Crowns puts the onus back on songcraft, taking the usual C86 and Dunedin sound reference points. Nobody needs a pure jangle-pop double album in 2012 though – the hooks are outstanding (It’s Not A Summer Without Your Love touches the anthemic highs of Kirkby Lonsdale, and Childish Lane Story is a callback to Hard To Explain-era Strokes), but it’s touches like the discordant reverb of Festival Walls or the arpeggiated synth outro of Wake Up Normal that exemplify a producer at work. Seriously – you’d find a vocal loop like the one that backbones Estendarm on one of The Field’s minimal masterpieces. The notion of ‘the producer’ has mutated in the past couple of years to a point in both commercial and underground dance and pop music where we talk about the person behind the laptop the way we now do football managers: the architects, the strategists, the auteur. Ginnels’ Crowns brings that conversation into the indie sphere, and its that victory, and not geographical concerns that place it so highly in our end-of-year list.

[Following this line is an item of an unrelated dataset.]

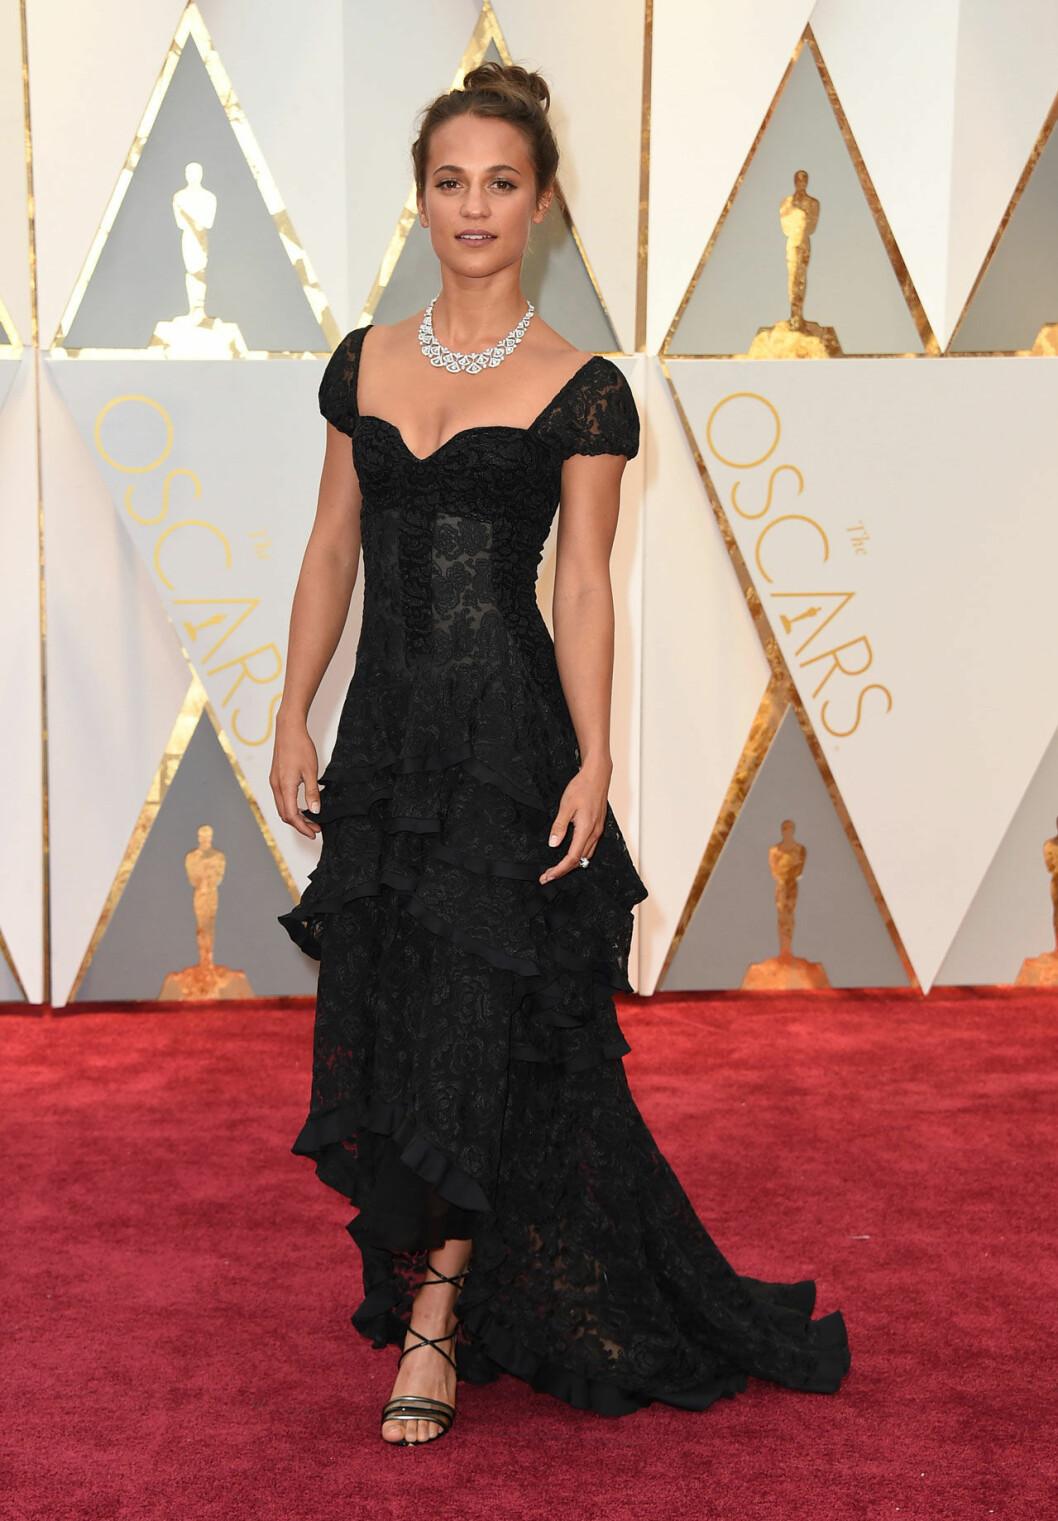 Alicia Vikander i svart klänning och vackert halsband

4. Animal Collective – Centipede Hz

Centipede Hz was put in a difficult position by being the “official follow-up” to an album whose popularity Animal Collective could never hope to match, Merriweather Post Pavilion. Wisely, instead of trying to meet those unrealistic expectations, AC did what they do best and ploughed their own wild furrow. Centipede Hz took conceptual influence from abstracted, imaginary intergalactic radio stations and the Cantina Band from The Return of the Jedi (well, supposedly) and created an overstuffed, chaotic and complicated record that pretty much only Animal Collective could have made. In more concrete terms, it was fuelled by a love of European prog-rock, Silver Apples, MPB and the situation of four old friends writing music together in their hometown of Baltimore again. At times heavy going but at times sublime, Centipede Hz especially took life when presented live at Vicar Street last November.

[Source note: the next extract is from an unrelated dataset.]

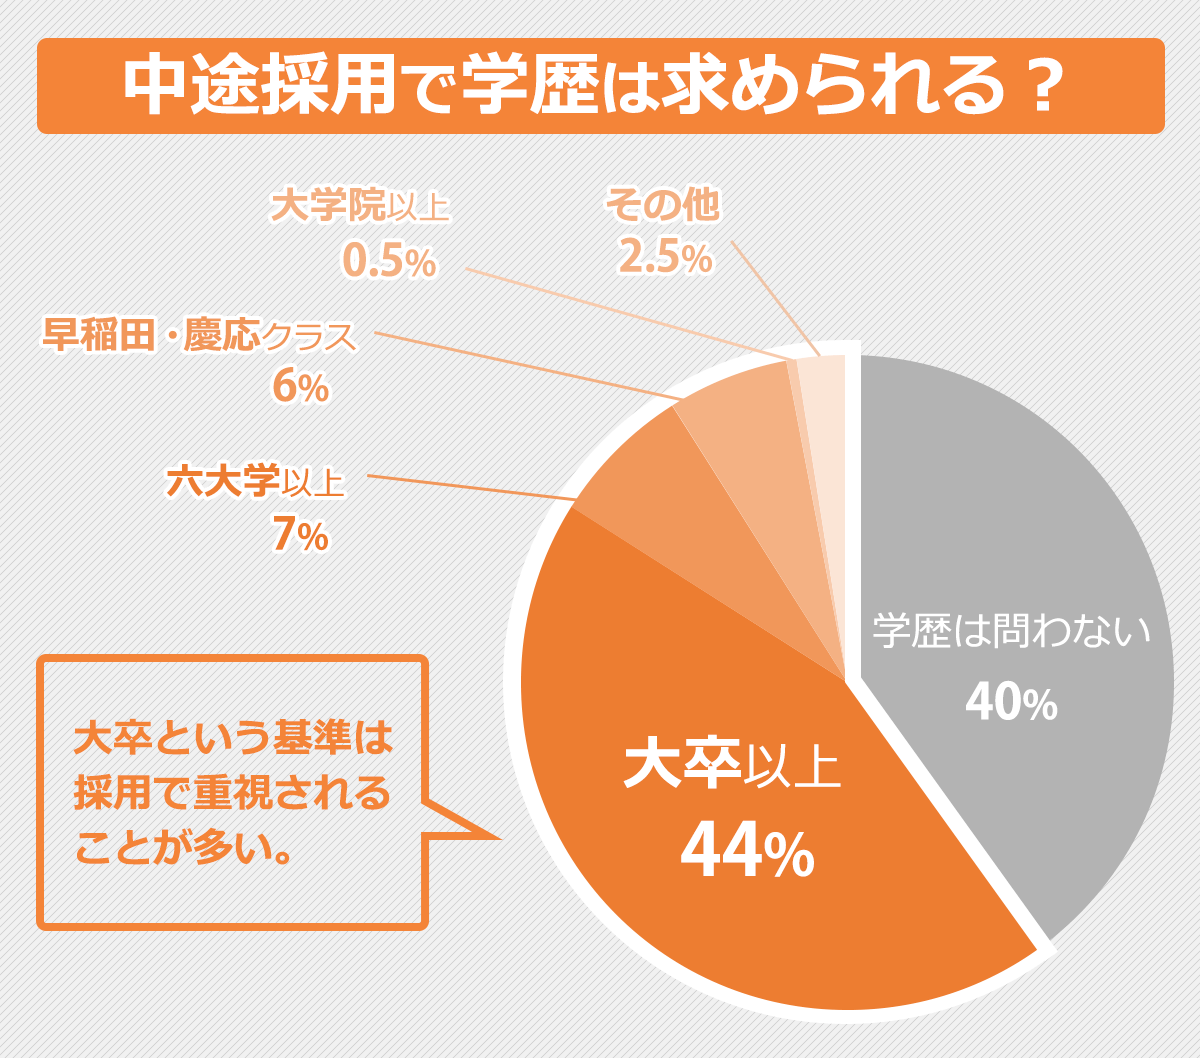 中途採用で求められる学歴を表した円グラフ。

3. Kendrick Lamar – good kid, m.A.A.d city

Kendrick was what they call a safe bet. Having reached a huge audience with a pre-album mixtape, clicked with both the post-Odd Future Tumblr rap crowd and the ‘hip hop is dead’ lifers and exploded into general consciousness with the age-old, fail-safe method of carrying Dr. Dre on one of the year’s best songs, never mind debut singles, The Recipe. good kid, m.A.A.d city, or Good Kid, Mad City if you prefer, is a phenomenally ambitious record that weaves its concept — an innately nice guy trying to navigate the scyllas and charybdises of alcohol, gangs, sex, theft and violence that Compton throws up — imperceptibly into songs that would, and do, stand on their own if you split them out for radio. It’s a landmark in rap music, showing ‘ignorant’ and ‘conscious’ as a false dichotomy and staying uncompromising while still hooking the casual fan.

2. Grizzly Bear – Shields

There are certain unspoken musical variables that, when the timing is right, bind together to form a record that is truly special. Grizzly Bear took a well-wanted 6-month hiatus following relentless touring of 2009’s Veckatimest – an album that had more than just a few touches of mastery. Shields sees Grizzly Bear reach these noteworthy heights with a rawness and passionate energy that was missing on previous offerings. The songs are direct and in your face, the production is crisp and the delivery is full and cohesive. This is a band who are not afraid to push their creative boundaries and as a result find themselves at the top of their game.